> EXERCISE PROMPT: Which lines run from the line with "Shift MX Helmet Whit3 Label Red" through the line with "TGV hasít a" in the entries below? Print them exactly, both ends included, and nothing more.

> DATA RECORDS:

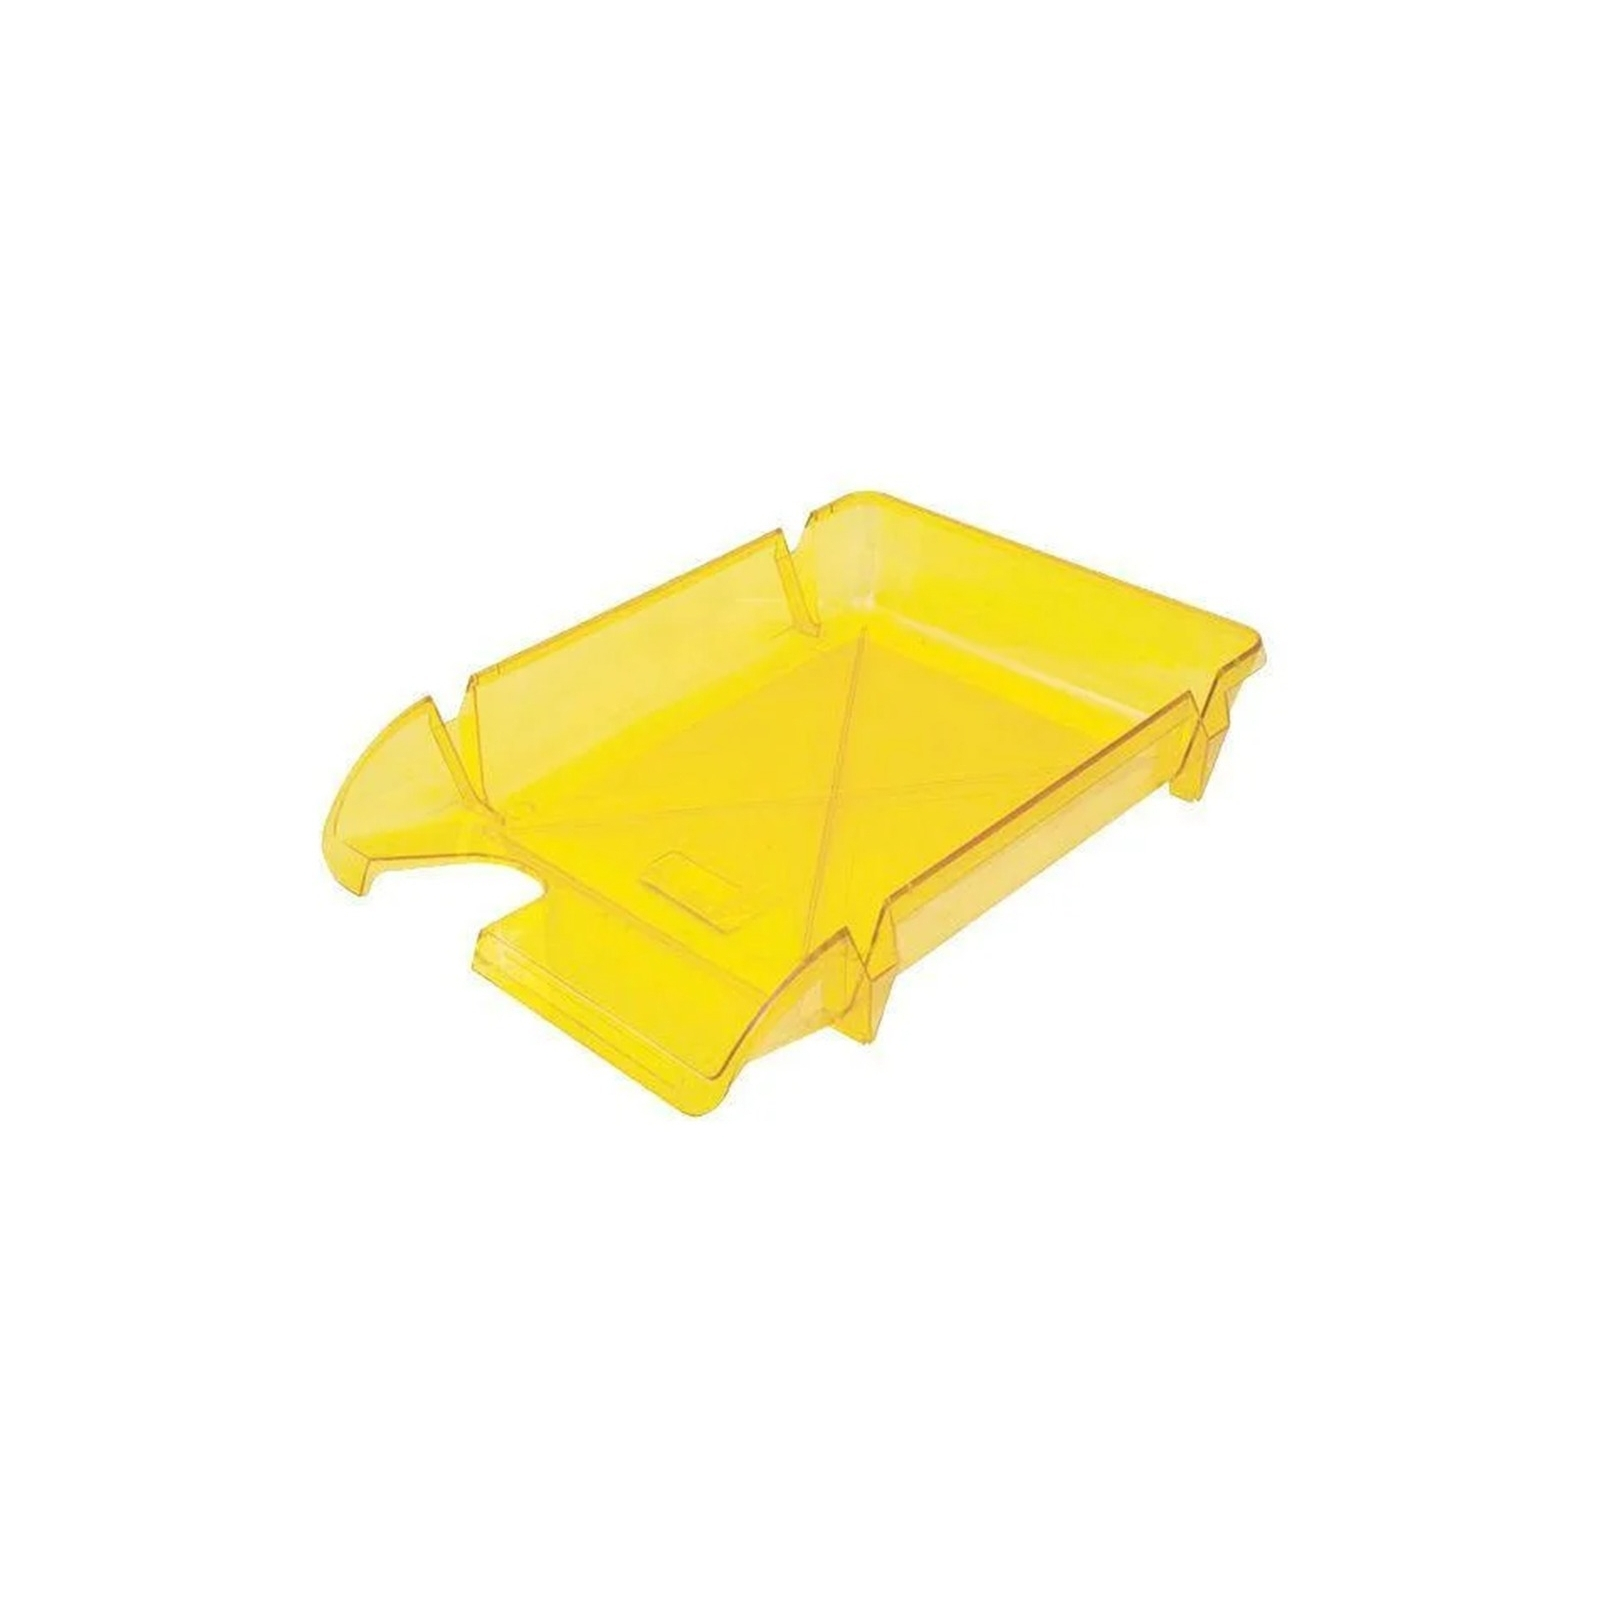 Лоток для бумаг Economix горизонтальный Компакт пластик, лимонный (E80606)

---

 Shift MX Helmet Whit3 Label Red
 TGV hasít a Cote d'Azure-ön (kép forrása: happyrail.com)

> TASK RESPONSE:
 Shift MX Helmet Whit3 Label Red
 TGV hasít a Cote d'Azure-ön (kép forrása: happyrail.com)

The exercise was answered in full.